London, Feb 12, IRNA - "Raising the temperature against the 'Persian menace' is nothing new," according to an Iranian academic based in the UK.

"We are periodically subjected to rhetorical flourishes, particularly when allies wish to reaffirm their loyalty to one another," says Ali Ansari, an associate fellow at the London's Royal Institute of International Affairs.

In an article for the New Statesman magazine, he referred to the so-called threat of Iran again looming large over the horizon just three years after the country was notoriously branded by US President George W Bush as a member of the "axis of evil."

"In his most recent State of the Union address, Bush reminded the world that the Islamic Republic was the primary sponsor of state terrorism," Ansari added.

The US president also let it be known Iran would in "no way be allowed to acquire nuclear weapons technology."

"Thus, as (US Secretary of State) Condoleezza Rice engineered US bridge-building with "old Europe" (and the EU in general), a natural consequence of this process of healing was for everyone to heartily join in a condemnation of Iran," he said.

The Iranian academic, who is also a Reader in Modern History at the University of St Andrews in Scotland, said it was an "age old stereotype, which sees the Persians as cunning, interfering, manipulative, and essentially mendacious."
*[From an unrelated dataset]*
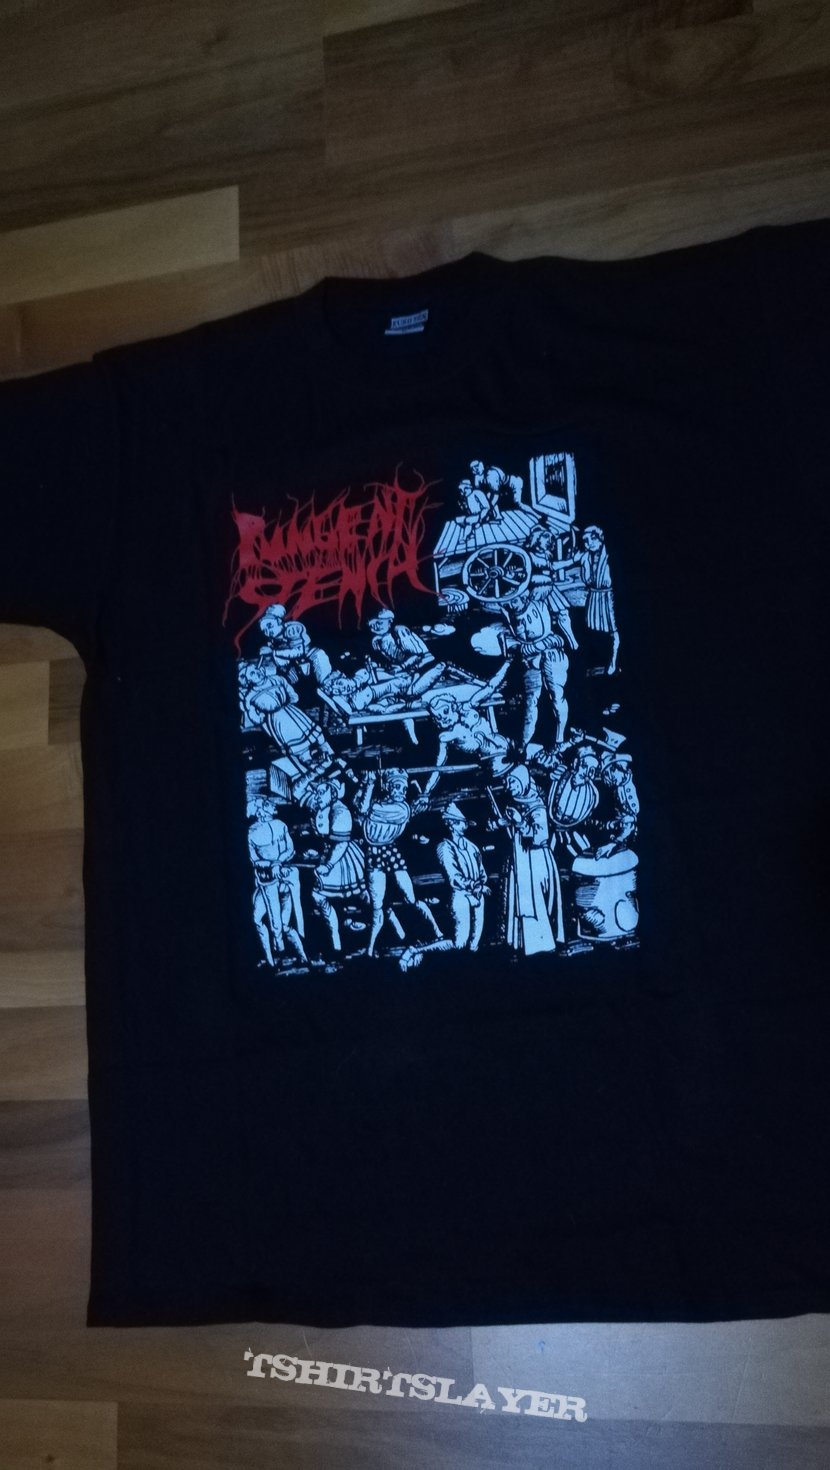 Pungent Stench Holy Inquisition 2003 Tour SHirt

It was "a prejudice which precludes any meaningful dialogue or negotiation," he said, but argued that such demonisation of Iran could not be further from the truth.

Ansari first of all first deconstruct the claim that Iran poses a military threat to the stability of the region or, indeed, the world, by saying its last war of aggression was launched by a Persian monarch nearly 300 years ago in 1739.

Since then Iran has been much more of a victim culminating with Iraq's invasion in 1980. Even then, the Iranian academic suggested that Tehran was misrepresented and wrongly blamed as history has proved, while Iraq enjoyed the support of most of the world.

As a further example, he referred to the arrest of a former Iranian ambassador in Britain last year, pending extradition. "But despite two months of incarceration, no evidence was forthcoming, and he was released," he said.

"Given the importance of this allegation, and the ten years that the authorities had to collect evidence, this is a curious absence," Ansari said.